Fixed Points, Self Application and the Y Combinator

1. Self Reference, a mechanism for defining recursive functions
- 1.1. Abstracting the function being defined
- 1.2. Exercise
2. Recursion via self-application
3. The fixed point combinator Y
4. Other fixed point combinators
- 4.1. The X combinator
- 4.2. Turing's fixed point combinator
5. References

1 Self Reference, a mechanism for defining recursive functions

Up until now, we have assumed that recursion needs self-reference. A recursive definition refers to itself in its body. More precisely, a recursive definition requires that the identifier being bound to the function appear free in the body of the function.

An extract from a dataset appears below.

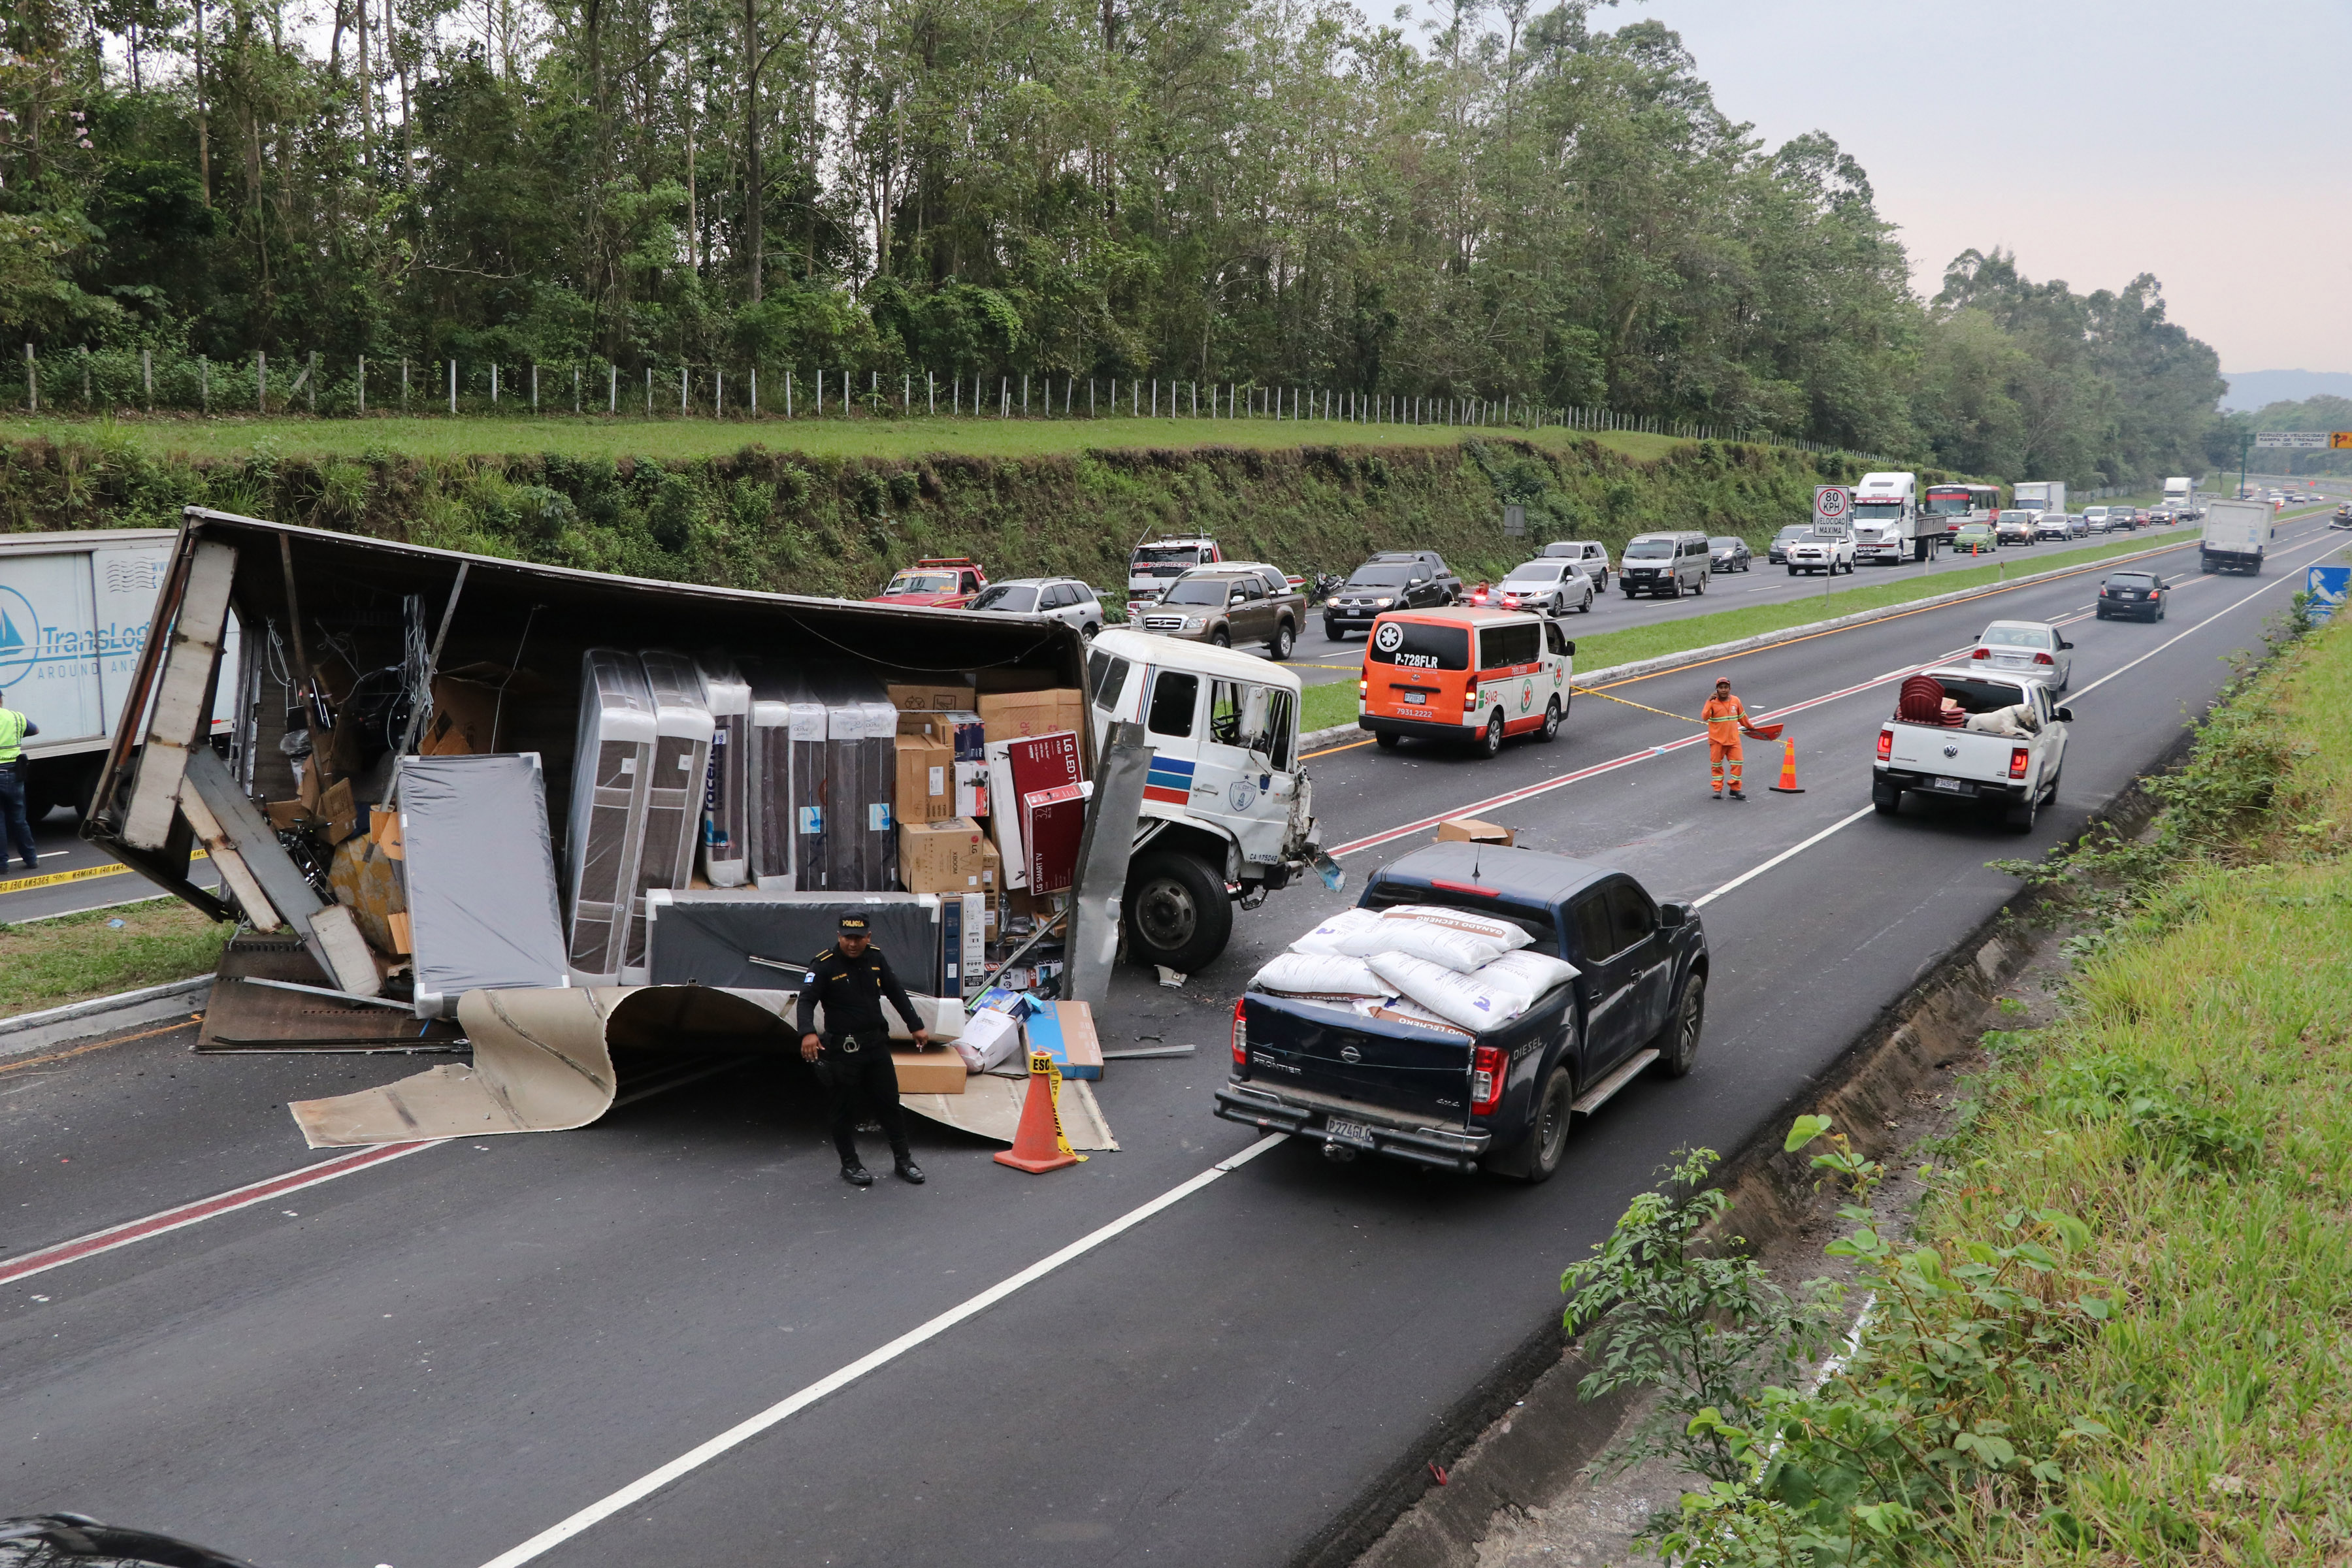 Lugar del accidente donde murió un hombre y una mujer en el kilómetro 50 de la autopista Palín-Escuintla. (Foto Prensa Libre: Enrique Paredes).

Let's begin with the familiar factorial example:

(define fac 
  (lambda (n)
    (if (= n 0) 
	1
	(* n (fac (sub1 n))))))

Notice how fac occurs free in the lambda abstraction that forms the function being defined.

1.1 Abstracting the function being defined

In the rest of these notes we work with curried versions of application (:), $\lambda$ (lambda:) and define (define:).

(define :
  (lambda (f x . xs)
    (cond
      [(null? xs) (f x)]
      [else (apply : (f x) xs)])))

(define-syntax lambda:
  (syntax-rules () 
    [(lambda: (x) body) (lambda (x) body)]
    [(lambda: (x y ...) body)
     (lambda (x) (lambda: (y ...) body))]))

(define-syntax define:
  (syntax-rules ()
    [(define: (f x y ...) body) (define f (lambda: (x y ...) body))]))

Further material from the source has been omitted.